This is all assuming we've ruled out an option 4, because of the
exceptions raised depending on what __format__ does:

4. Add bytes.format(), have it convert the format specifier to str
(unicode), call __format__ and encode the result back to ASCII. Accept
that there will be data-driven exceptions depending on the result of the
__format__ call.

I'm open to other ideas.

Eric.

___
Python-Dev mailing list
[email protected]
https://mail.python.org/mailman/listinfo/python-dev
Unsubscribe: 
https://mail.python.org/mailman/options/python-dev/archive%40mail-archive.com

Re: [Python-Dev] PEP 461 - Adding % and {} formatting to bytes

2014-01-17 Thread Ethan Furman


On 01/17/2014 07:15 AM, Mark Lawrence wrote:


For both options 1 and 2 surely you cannot be suggesting that
 after people have written 2.x code to use format() as %f
formatting is to be deprecated


%f formatting is not deprecated, and will not be in 3.x's lifetime.

--
~Ethan~
___
Python-Dev mailing list
[email protected]
https://mail.python.org/mailman/listinfo/python-dev
Unsubscribe: 
https://mail.python.org/mailman/options/python-dev/archive%40mail-archive.com

Re: [Python-Dev] PEP 461 - Adding % and {} formatting to bytes

2014-01-17 Thread Eric V. Smith

On 01/17/2014 10:24 AM, Eric V. Smith wrote:
> On 01/17/2014 10:15 AM, Mark Lawrence wrote:
>> On 17/01/2014 14:50, Eric V. Smith wrote:
>>> On 01/17/2014 07:34 AM, Eric V. Smith wrote:
 On 1/17/2014 6:42 AM, Nick Coghlan wrote:
>
> On 17 Jan 2014 18:03, "Eric Snow"  > wrote:
>>
>> On Thu, Jan 16, 2014 at 11:30 AM, Eric V. Smith  > wrote:
>>> For the first iteration of bytes.format(), I think we should just
>>> support the exact types of int, float, and bytes. It will call the
>>> type's__format__ (with the object as "self") and encode the result to
>>> ASCII. For the stated use case of 2.x compatibility, I suspect
>>> this will
>>> cover > 90% of the uses in real code. If we find there are cases
>>> where
>>> real code needs additional types supported, we can consider adding
>>> __format_ascii__ (or whatever name we cook up).
>>
>> +1
>
> Please don't make me learn the limitations of a new mini language
> without a really good reason.
>
> For the sake of argument, assume we have a Python 3.5 with
> bytes.__mod__
> restored roughly as described in PEP 461. *Given* that feature set,
> what
> is the rationale for *adding* bytes.format? What new capabilities will
> it provide that aren't already covered by printf-style interpolation
> directly to bytes or text formatting followed by encoding the result?

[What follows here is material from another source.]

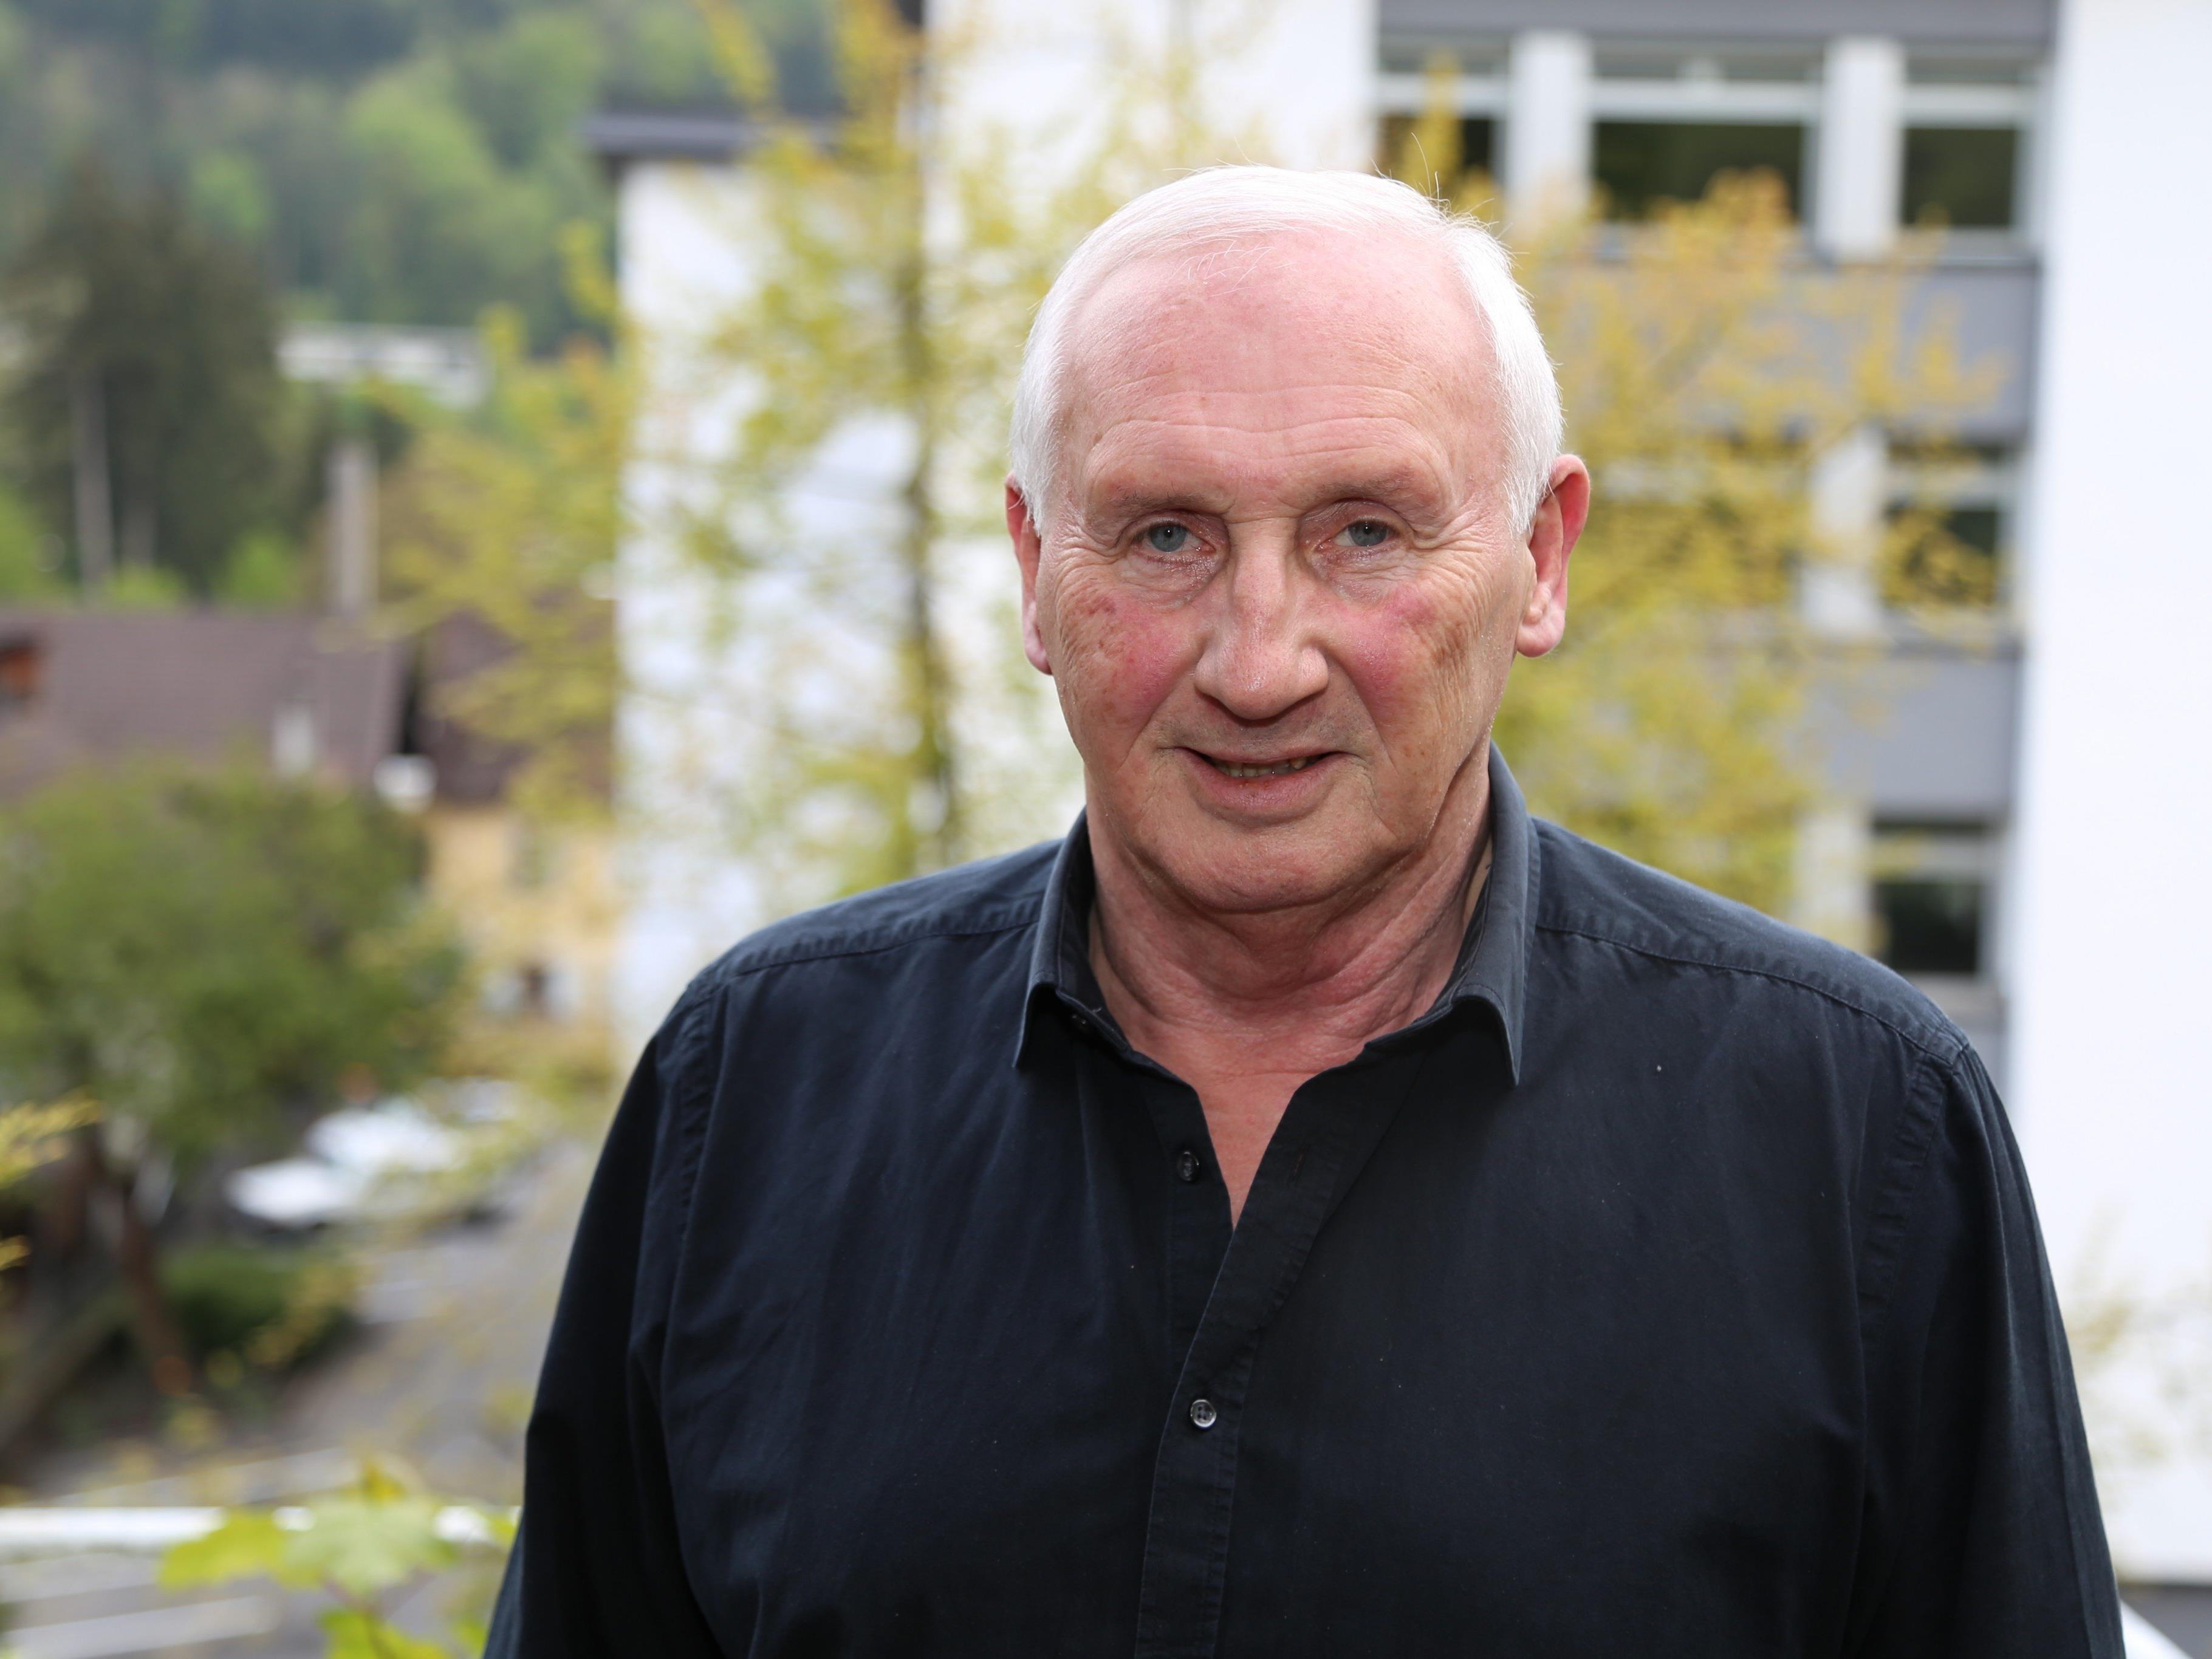 Seit 16 Jahren hat Dieter Preschle das Amt des Ortsvorstehers in der Feldkircher Innenstadt inne.

 The only reason to add any of this, in my mind, is to ease porting of
 2.x code. If my proposal covers most of the cases of b''.format() that
 exist in 2.x code that wants to move to 3.5, then I think it's worth
 doing. Is there any such code that's blocked from porting by the lack of
 b''.format() that supports bytes, int, and float? I don't know. I
 concede that it's unlikely.

 IF this were a feature that we were going to add to 3.5 on its own
 merits, I think we add __format_ascii__ and make the whole thing
 extensible. Is there any new code that's blocked from being written by
 missing b"".format()? I don't know that, either.
>>>
>>> Following up, I think this leaves us with 3 choices:
>>>
>>> 1. Do not implement bytes.format(). We tell any 2.x code that's written
>>> to use str.format() to switch to %-formatting for their common code base.
>>>
>>> 2. Add the simplistic version of bytes.format() that I describe above,
>>> restricted to accepting bytes, int, and float (and no subclasses). Some
>>> 2.x code will work, some will need to change to %-formatting.
>>>
>>> 3. Add bytes.format() and the __format_ascii__ protocol. We might want
>>> to also add a format_ascii() builtin, to match __format__ and format().
>>> This would require the least change to 2.x code that uses str.format()
>>> and wants to move to bytes.format(), but would require some work on the
>>> 3.x side.

For #3, hopefully this "additional work" on the 3.x side would just be
to add, to each class where you already have a custom __format__ used
for b''.format(), code like:

def __format_ascii__(self, fmt):
return self.__format__(fmt.decode()).encode('ascii')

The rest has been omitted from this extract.